A Revolving Door Farce: CFTC Commissioner Bails To Head Regulator’s Biggest Opponent

Courtesy of Zero Hedge

There is no better way to describe what the recently departed CFTC commissioner Scott O'Malia just did when he bailed from the commodity watchdog to become the new head of the International Swaps and Derivatives Association, aka ISDA, the biggest banking group that has constantly opposed every intervention and attempt to regulate the swaps market by the CFTC since the Lehman crisis, than an epic farce.

For those who are unaware ISDA is a global OTC derivative lobby group, counting the world's largest investment banks among its members, and has frequently fought regulatory efforts to reform the market after the financial crisis. ISDA itself was exposed as a complete joke during the European crisis when due to the overhang of avoiding Europe's insolvent reality, it made CDS protection obsolete as protection from sovereign restructurings and credit events, in the process crushing one of the key ways to hedge for credit event risk. 

Meet Scott O'Malia

A member of the U.S. Commodity Futures Trading Commission will become the new head of a bank lobby group that is fighting the derivatives regulator in court over a crucial new rule curtailing Wall Street.

The International Swaps and Derivatives Association said on Wednesday that Scott O'Malia, a Republican who often voted against new CFTC policy in the wake of the financial crisis, will become the trade group's next chief executive.

O'Malia will start his new job as of Aug. 18, ISDA said. The news came only days after O'Malia said he planned to leave the CFTC as of Aug. 8.

ISDA is one of three banking groups that sued the CFTC in December, hoping to beat back tough trading guidelines for U.S. companies doing business overseas, which they fear could hurt markets and cut profits.

The two sides are set to face each other in a first hearing in a federal court in Washington next week.

Even an otherwise impartial Reuters appears outraged by this blatant and painfully clear example of government capture of "public servants" by those who have dangle carrots of money in exchange for lobby (and future employment promise) favors, and thus set the rules, courtesy of people like O'Malia.
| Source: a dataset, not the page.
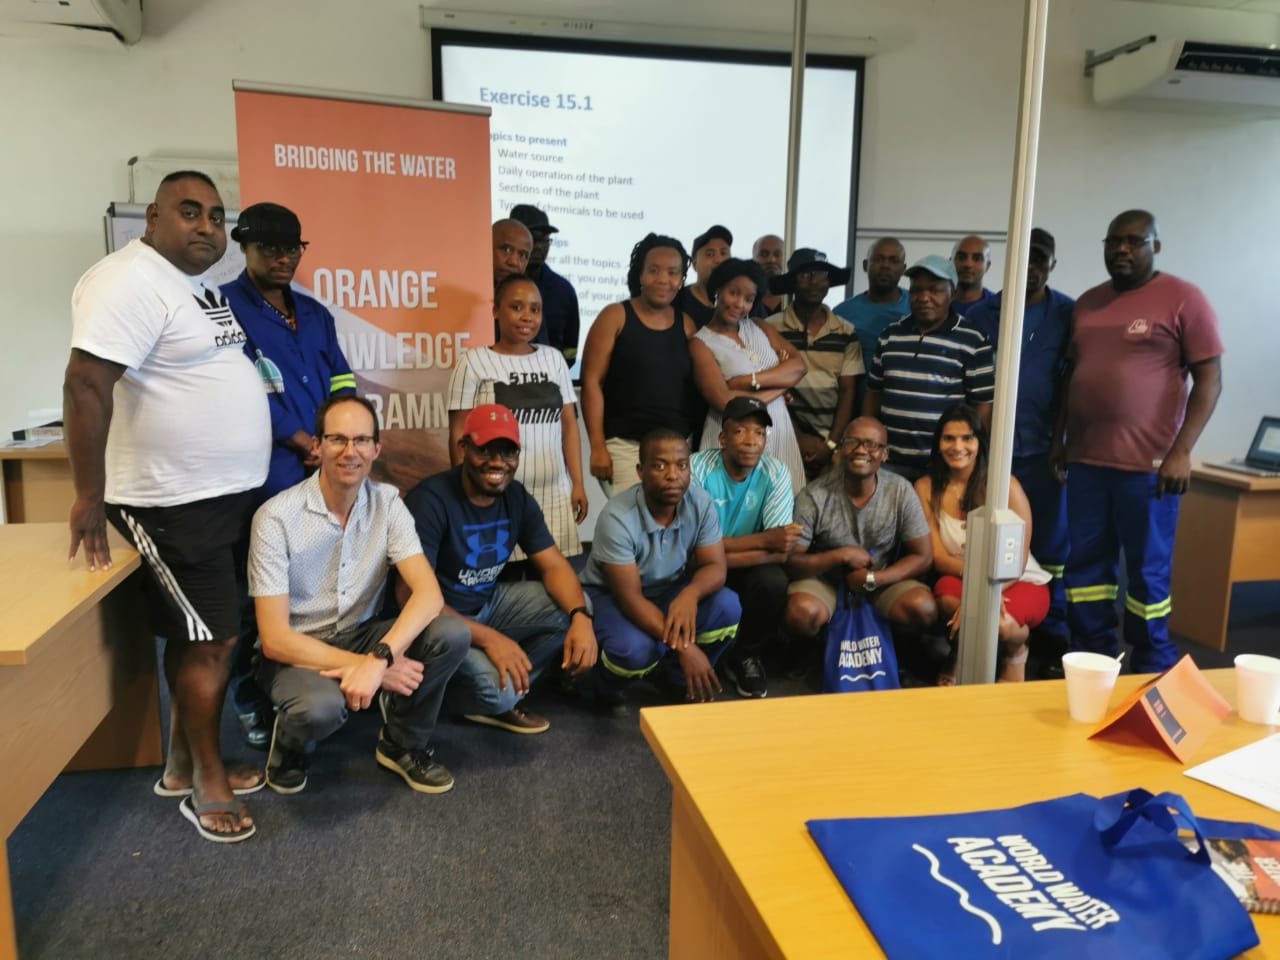 Enthusiastic participants in Durban, with trainers Prathna Gopi (sitting right) and Ron Jong (sitting left)

The speed of O'Malia's move, and ISDA's high profile, made the appointment striking even by Washington standards, where a 'revolving door' between regulators and those they oversee makes moves from one side to the other common.

"This is why Americans are so disgusted with so many high government officials and believe that Washington is in cahoots with Wall Street," said Dennis Kelleher, who heads Better Markets, a group urging tighter regulation of big banks.

O'Malia spent more than four years as a member of the CFTC, and was an outspoken critic of the rule-making process mandated by the 2010 Dodd-Frank financial reform law, which he said had been rushed, confused and lacked transparency. At the CFTC, he chaired the Technology Advisory Committee, which drives the agency's efforts to better cope with the vast amount of data it has to handle.

But wait, wasn't it that other former CFTC commissioner, Bart Chilton, who since has also departed for the far better paying confines of the private sector, who claimed every chance he got that it was the CFTC's "woefully small budget" that prevented it from analyzing the data it got? Apparently it turns out that the only reason for the CFTC's abysmal enforcement record is because the group in charge of processing said data was controlled by a coopted individual whose only prerogative was to cozy up to his future employer, ISDA, and not make any waves whatsoever.